Another option for some, he said, is to begin selling off animals early to reduce herd size, thereby ensuring grazing lands can sustain the animals they keep.
"People are right on the teetering edge," Davy said. "We're going to have a lot of grass start dying here if we don't start getting some kind rains."
Some stone fruit and nut crops are also at risk. With these crops, such as almonds and peaches, root growth precedes bud growth. Without soil moisture, the roots don't grow, and then the trees don't bud out. That means less fruit production, said Roger Duncan, a fruit tree advisor at the Cooperative Extension office in Stanislaus County.
"They're starting to get concerned," said Duncan. "There is no such thing as normal. But I don't remember it being quite like this. We really could use the rain."
Swaying both ways
Imagine if rice – yes, that semiaquatic species that is typically cultivated under partially flooded conditions – could be both flood- and drought-tolerant. Such a rice variety would benefit rice growers and consumers worldwide and would be less vulnerable to weather extremes that may result from global climate change.Now UC Riverside experiments demonstrate that such rice is already here. Genetics professor Julia Bailey-Serres’ research group reports in a recent issue of The Plant Cell that flood-tolerant rice is also better able to recover from drought.
“Flood tolerance does not reduce drought tolerance in these rice plants, and appears to even benefit them when they encounter drought,” Bailey-Serres says.
She and her team – Takeshi Fukao, a senior researcher, and Elaine Yeung, an undergraduate student – focused on Sub1A, a gene responsible for flood or “submergence” tolerance in rice. Sub1A works by making the plant dormant during submergence, allowing it to conserve energy until the floodwaters recede. Indeed, rice with the Sub1A gene can survive more than two weeks of complete submergence.
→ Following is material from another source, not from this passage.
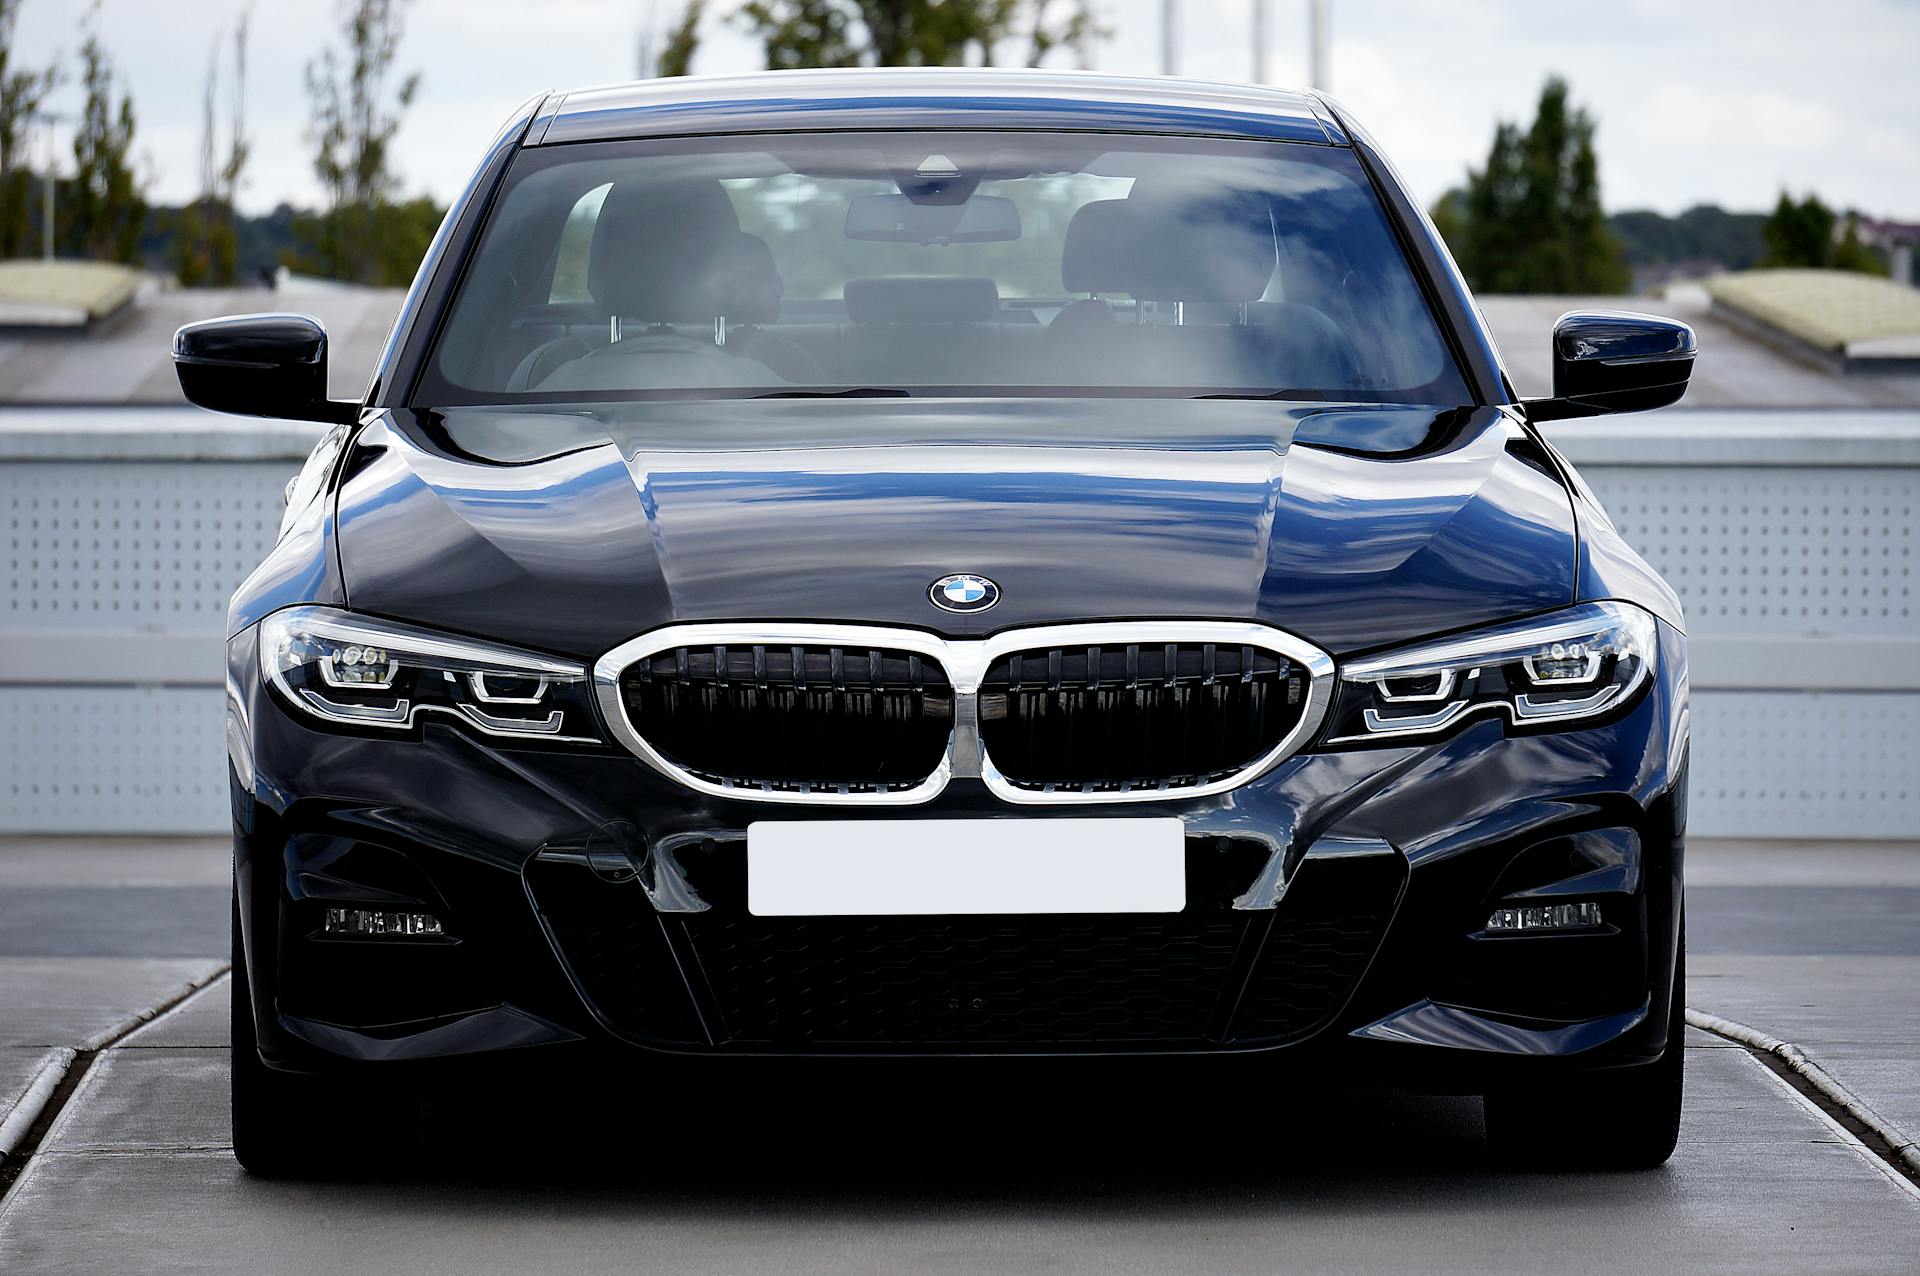 A black new BMW 320D | Source: Pexels

Plant breeders have already profited farmers worldwide – especially in South Asia – by having transferred Sub1A into high-yielding rice varieties without compromising these varieties’ desirable traits — such as high yield, good grain quality, and pest and disease resistance.
Bailey-Serres’s lab found that in addition to providing robust submergence tolerance, Sub1A aids survival of drought. The researchers report that at the molecular level Sub1A serves as a convergence point between submergence and drought response pathways, allowing rice plants to survive and re-grow after both weather extremes.
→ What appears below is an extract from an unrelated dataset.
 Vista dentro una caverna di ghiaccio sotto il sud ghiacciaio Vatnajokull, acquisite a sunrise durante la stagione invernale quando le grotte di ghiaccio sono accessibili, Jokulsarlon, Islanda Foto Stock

“Sub1A properly coordinates physiological and molecular responses to cellular water deficit when this deficit occurs independently, as in a time of drought, or following ‘desubmergence,’ which takes place when flood waters recede,” says Bailey-Serres who was the lead recipient of the 2008 USDA National Research Initiative Discovery Award.
Next, her colleagues at the International Rice Research Institute in the Philippines will test the Sub1A rice for drought tolerance in the field. What are some other implications of this research? One that comes to mind is that the “Got Rice?” slogan might have to drop the question mark, and put in its place a solid period!